By: Scott Brady, Harpinder Singh, and Caleb Appleton

It’s easy to think of the world as connected. After all, more than five billion people and counting have mobile devices. Connectivity feels ubiquitous.

And yet, it’s not. Not even close.

Humans only occupy 10 percent of the earth — leaving 90 percent inaccessible to the wireless connectivity we take for granted. Think just for a second about what that means. Virtually the entirety of the globe is so difficult to connect, so austere, that — in a real sense — much of the world isn’t fully known to us. And that’s a meaningful loss — of scientific exploration, economic opportunity, and beneficial advances in safety and security.

Today, our portfolio company — Skylo Technologies — emerges from stealth mode to connect the world, and we’re beyond excited to celebrate its launch.

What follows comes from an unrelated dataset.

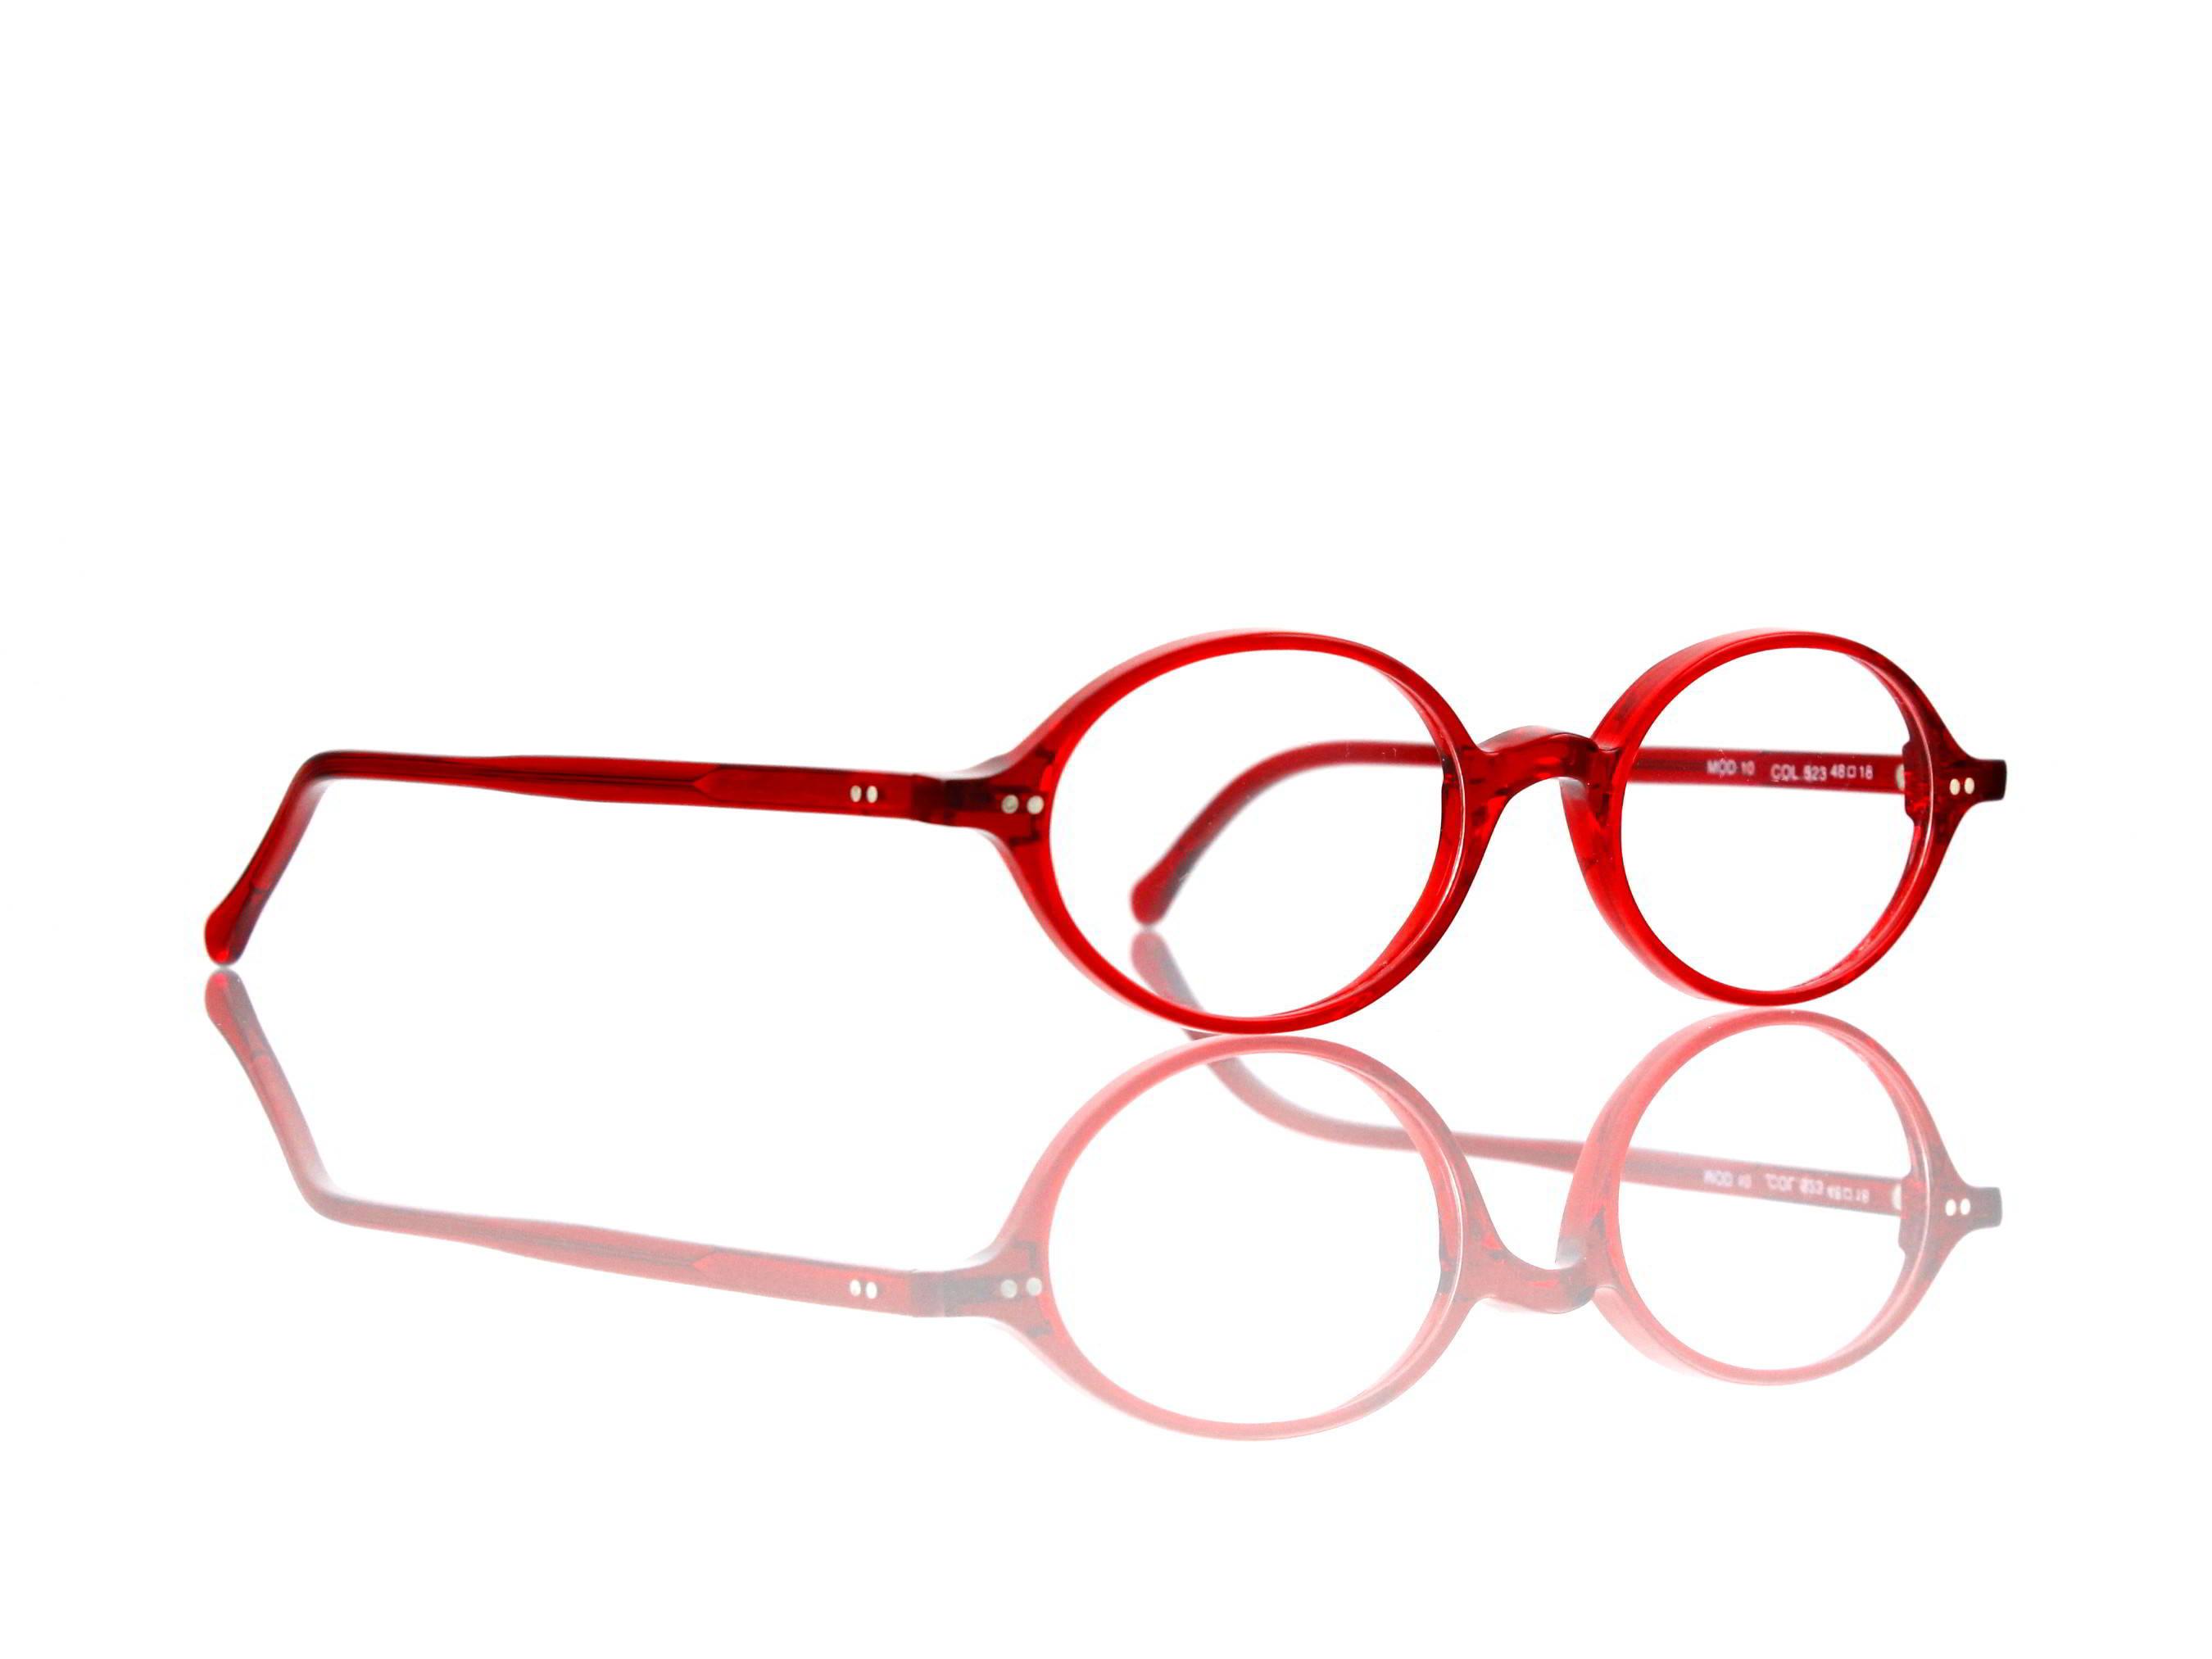 Braun Classics Eyewear Mod. 10 Col. F 523 Größe 48-18-145 mm | Oval ...

Skylo is an affordable, ubiquitous satellite-based network that can connect any machine and sensor. If cell networks were built for people, Skylo was built for machines, to connect the estimated one billion unconnected devices at work in the world’s unconnected places. Just like AWS is a powerful behind-the-scenes enabler for Twitter, Netflix, and countless other business, Skylo has the potential to expand opportunities for existing industry and spark the creation of transformative new companies.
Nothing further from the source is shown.